* **DATA BELOW**:
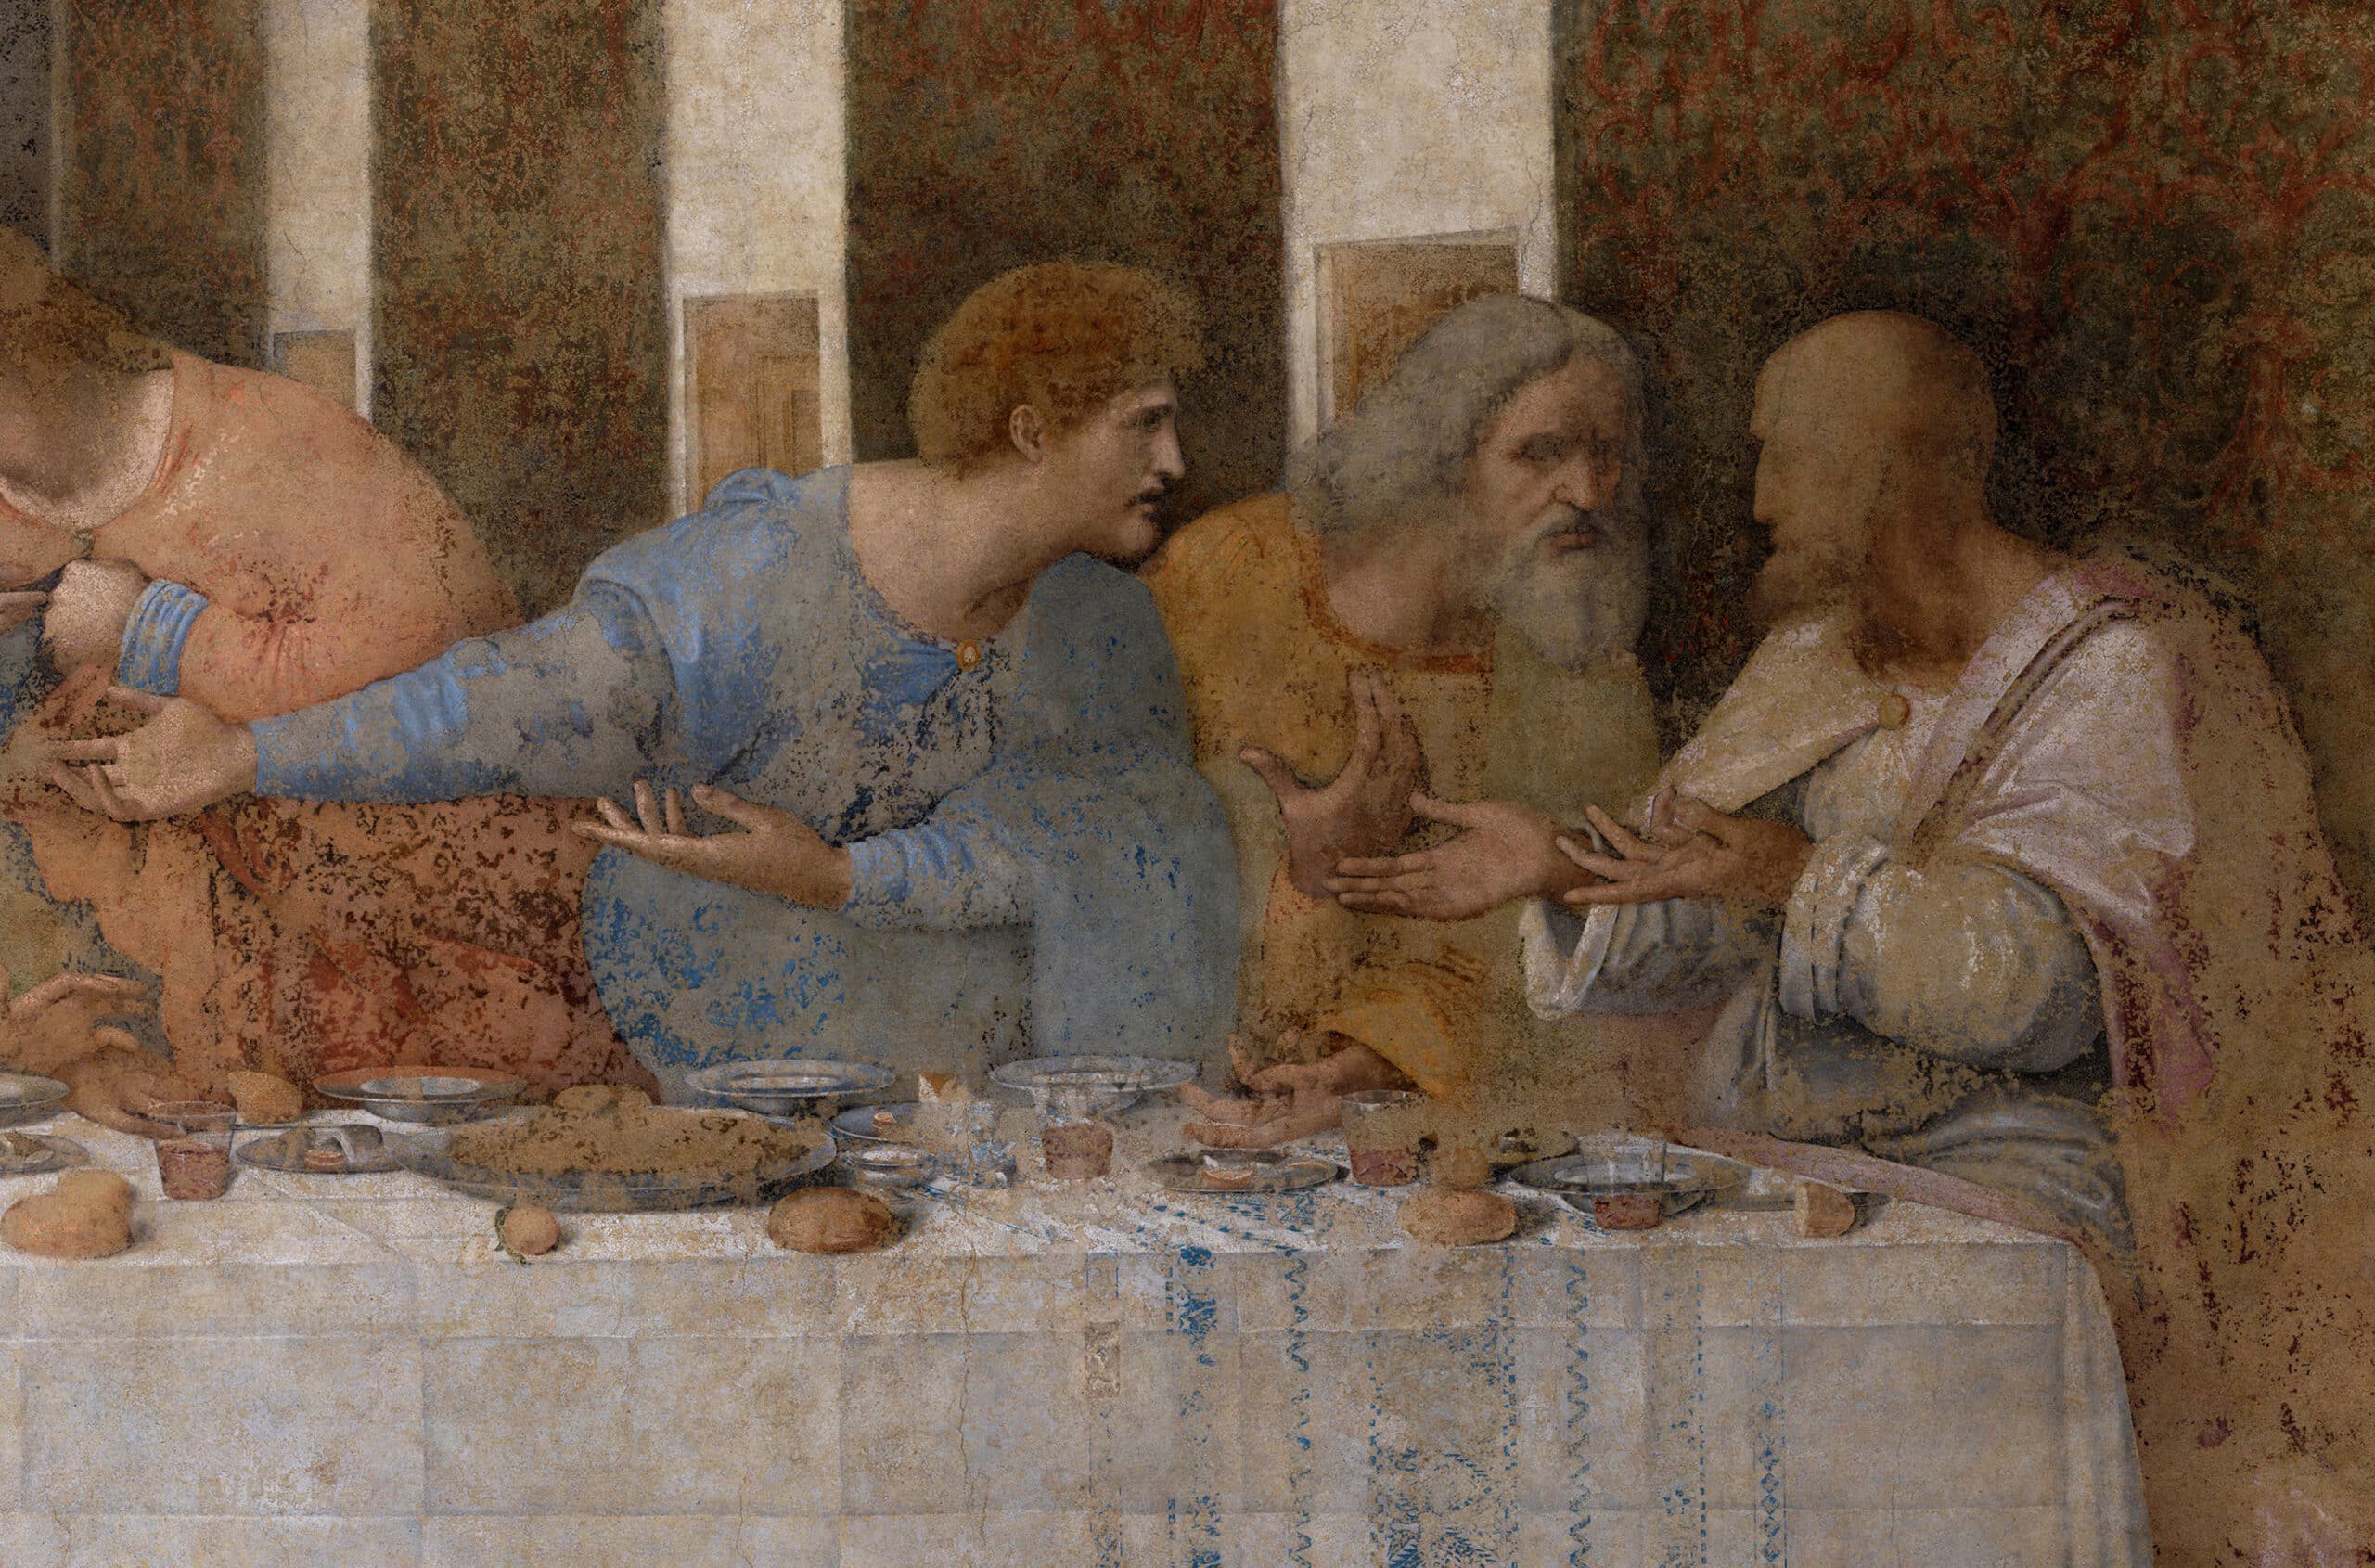 Matthew, Thaddeus, and Simon (right side) - the last supper painting analysis
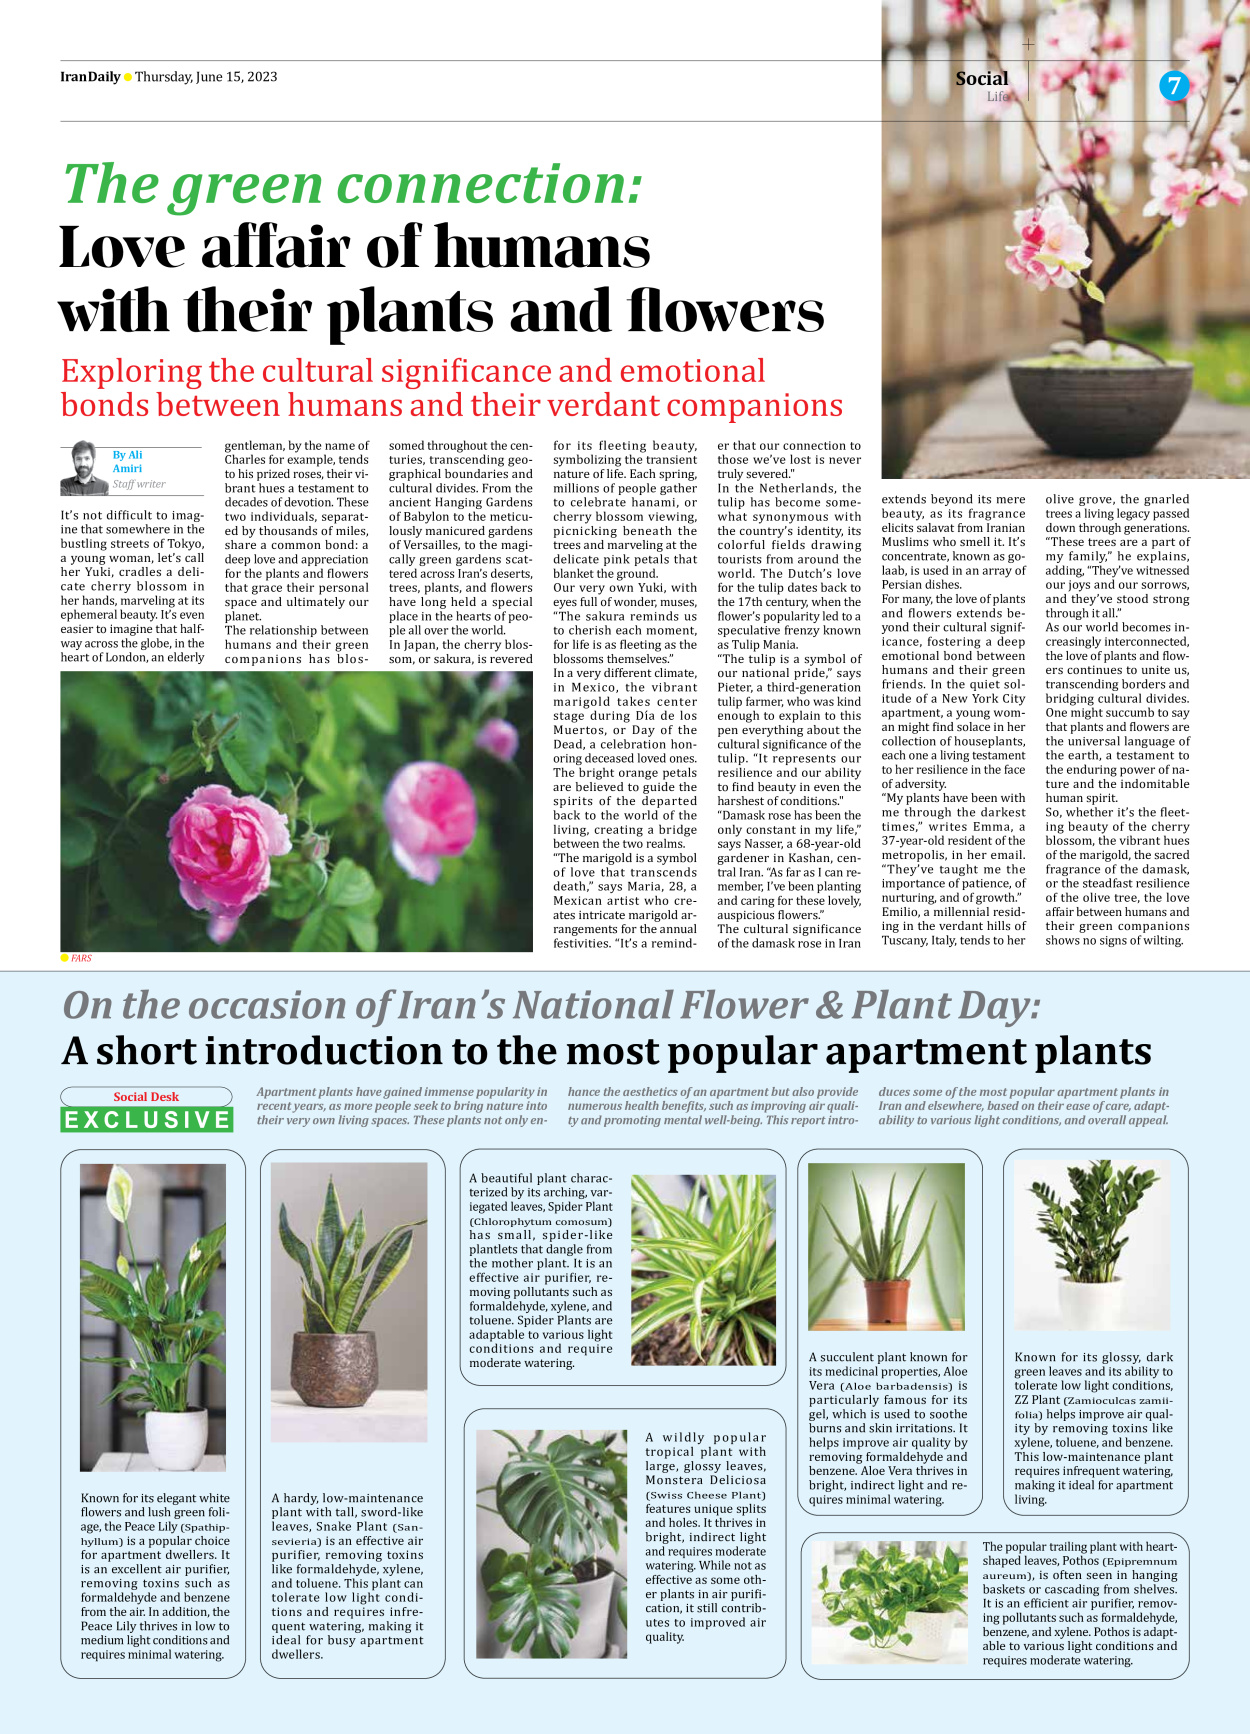 Iran Daily - Number Seven Thousand Three Hundred and Fifteen - 15 June 2023 - Page 7
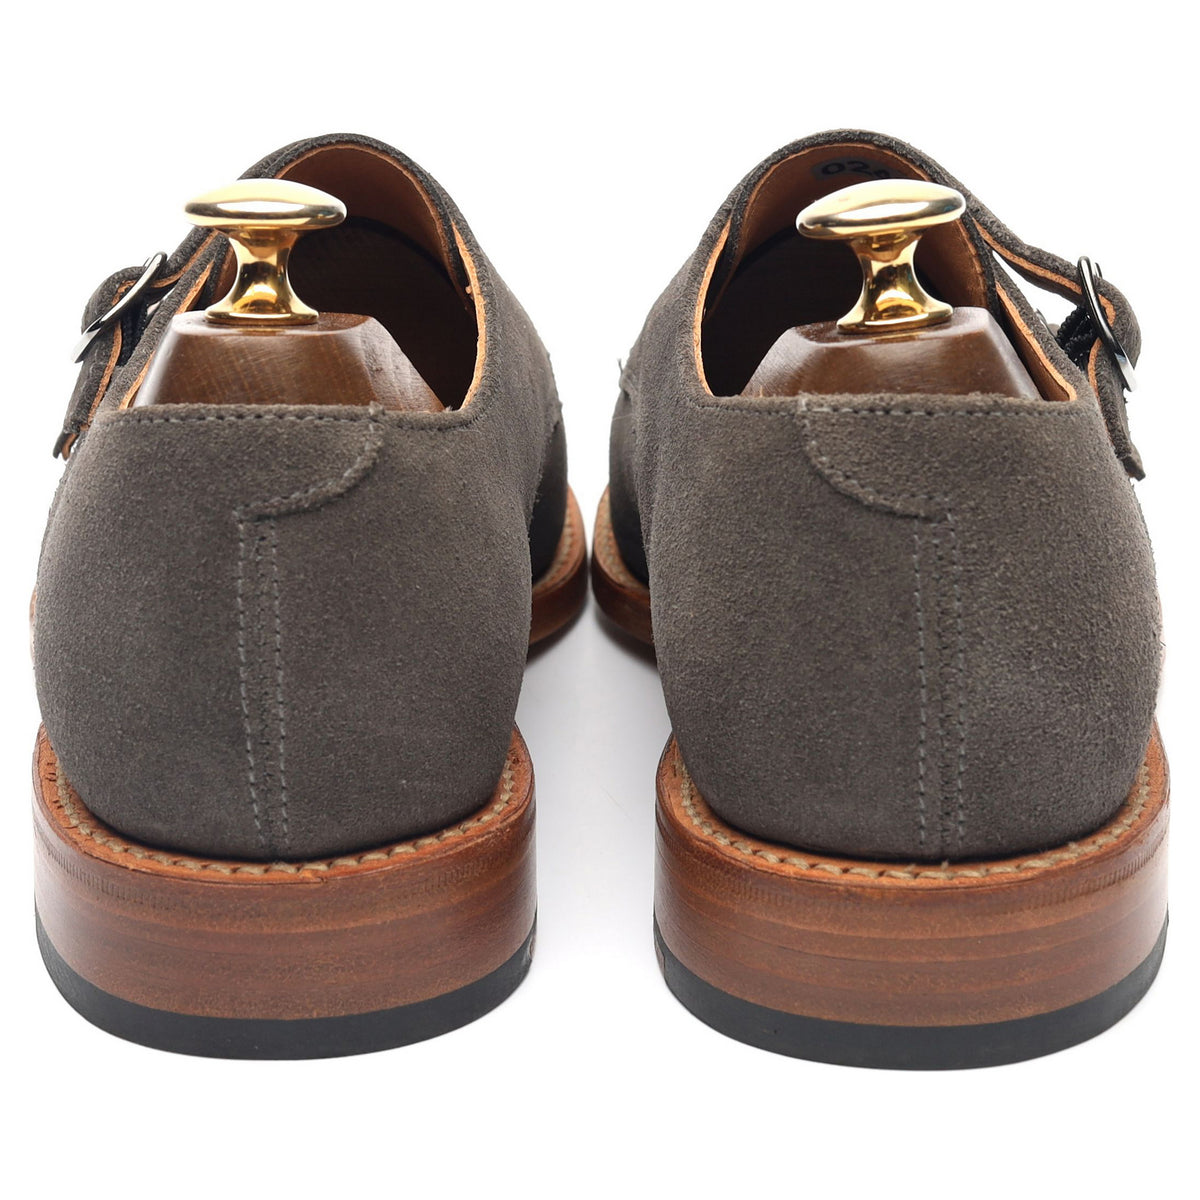 Grey Suede Double Monk Strap UK 6 F

* **THE TASK**: Retype the full listing above precisely. Exclude each picture you find in it.

* **OUTPUT FOR THIS EXERCISE**:
 Matthew, Thaddeus, and Simon (right side) - the last supper painting analysis
 Iran Daily - Number Seven Thousand Three Hundred and Fifteen - 15 June 2023 - Page 7
 Grey Suede Double Monk Strap UK 6 F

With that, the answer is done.